Monday, February 19, 2007



I made two different batches of marmalade a few weeks back. One recipe was taken from The Sunday Times Magazine, a recipe from Sybil Kapoor, and the other was from the wonderful blogger Fanny at Foodbeam. The S.T Magazine recipe was a cinch and could be made even simpler if you cut out hand slicing the peel and instead, whiz it all in the food processor. But seeing as I was making it on a leisurely, bright Sunday morning I choose to hand slice the peel into the long, elegant shreds you only get from homemade marmalade.

The Foodbeam's recipe was also easy too but it was a 3 day event; lots of soaking, boiling and cooling and again, lots of slicing of the peel when the oranges were uncooked which seemed to take a while. This recipe in a lighter coloured, more fragrant marmalade than Sybil Kapoor's. It's less Oxford Marmalade and more Bonne Maman (as I'm sure French Fanny at Foodbeam would agree).

Having already spooned a heavy dent in the two marmalade batches over the past weeks through both greed and generosity, I decided to try and track down the last of this seasons bitter oranges and make a final collection for the store cupboard.
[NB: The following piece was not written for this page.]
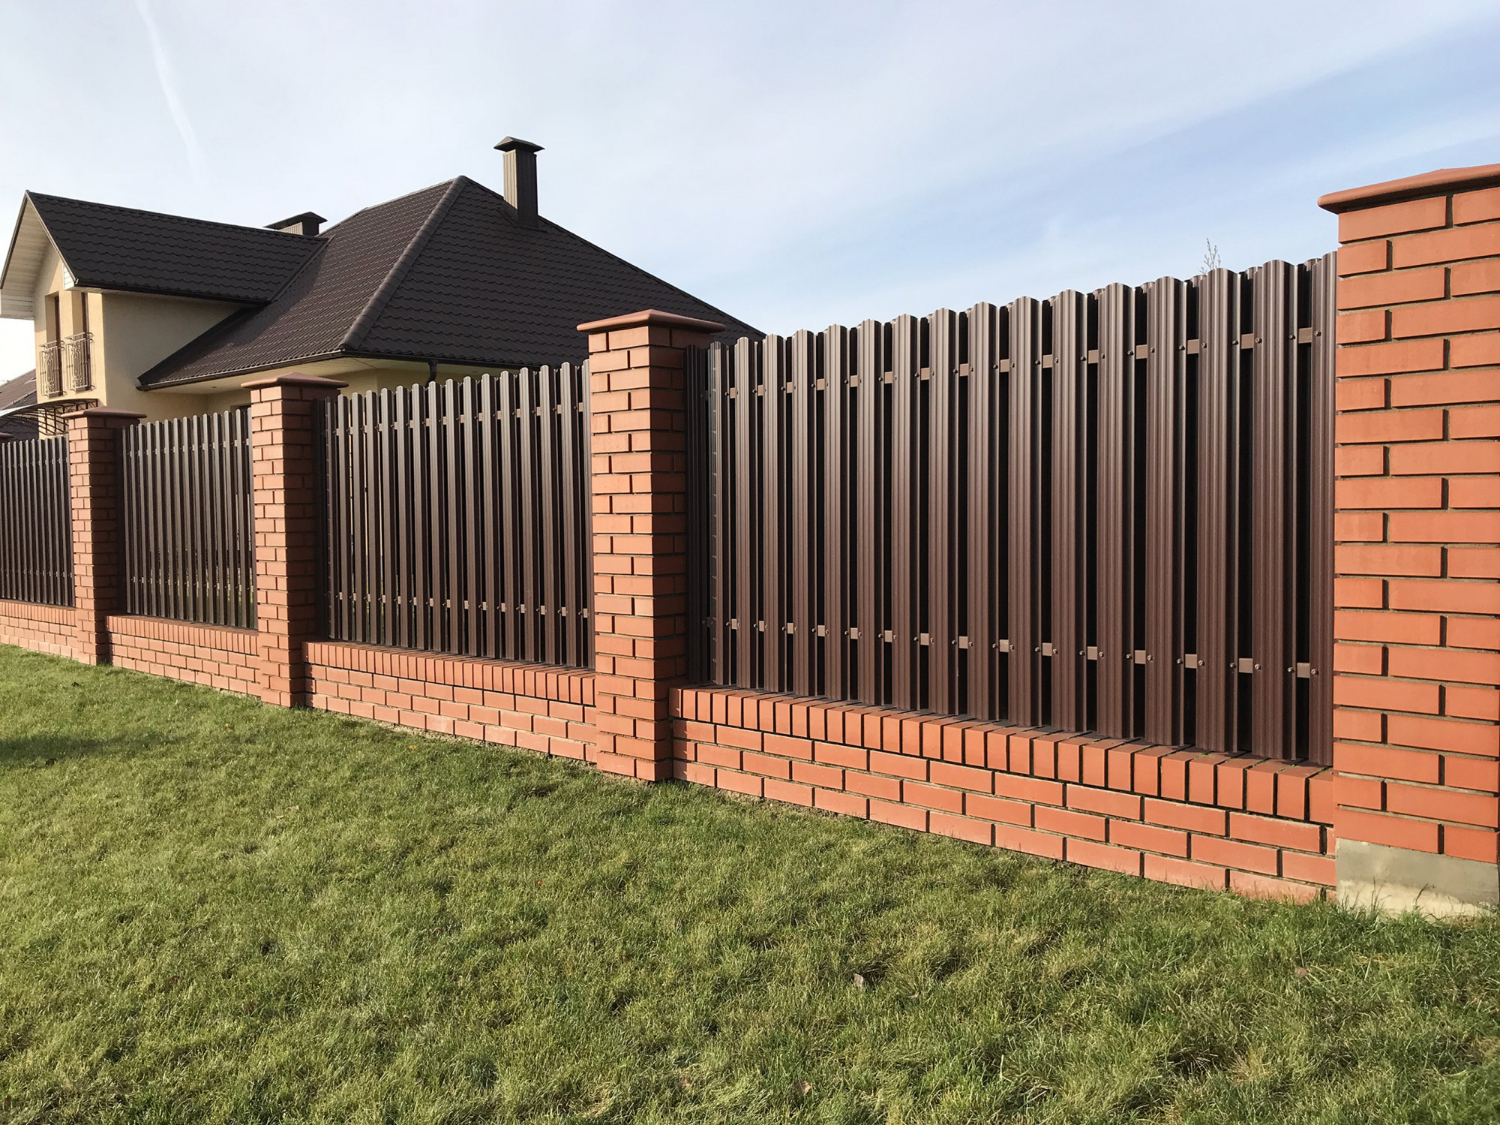 Kombinasi desain pagar rumah dari besi dan bata membuat hunian terkesan lebih hangat.
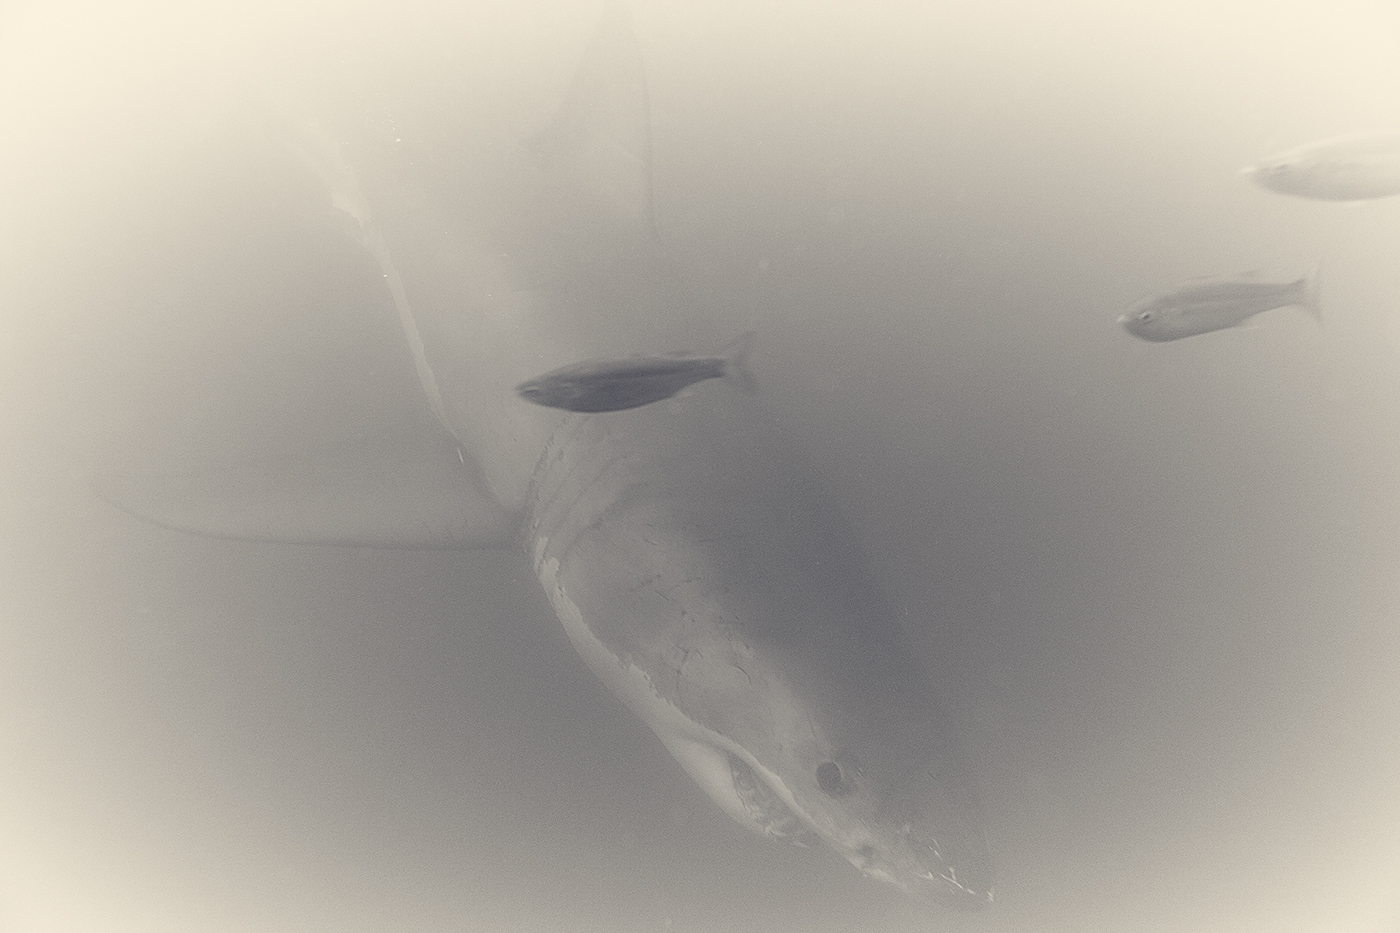 underwater black and white wildlife shark great white shark south africa predator FINEART

Through lucky searching, I come across some at a nearby shop The Green Grocers where I purchased 2 more kilos to make the slightly, but only slightly favoured recipe from Sybil Kapoor.

            Sybil Kapoor's Favourite Marmalade

            1 kg Seville or similar bitter oranges  
            2 lemons
            1.7 litres of water
            1.4kg granulated sugar
            1 heaped tsp black treacle

  1. Wash jam jars ready for serializing in oven at the last stage of making.

  2. Wash all the fruit and place in a large saucepan with the 1.7 litres of water .

  3. Cover and simmer gently for 1 hour or until the fruit is easily pierced with a knife.

  4. Remove the fruit from the pan and place in a bowl.

  5. When the fruit is cool enough to handle, slice each fruit in half and scape all the pith and seeds back into the saucepan.

  6. Bring back to the boil and reduce by half, this will take about 15 to 20 minutes.

  7. Meanwhile, slice all the skins into thick or this slices.

  8. Strain the pip and pith liquid with a large meshed sieve into a bowl, making sure you have extracted as much liquid as possible.

  9. Add the orange peel and the liquid back to the large pan and clip or attach a sugar/jam thermometer if you have one (I don't).

  10. Bring back to the boil and add the sugar and treacle and stir until the sugar has dissolved.

  11. Boil vigorously for about 5 minutes or until the marmalade reaches setting point (106C/220F).

  12. Leave to stand for 10 minutes.

  13. Place clean jars in warm oven (130C) for 5 minutes to sterilise then poor in hot marmalade sealing with wax paper discs.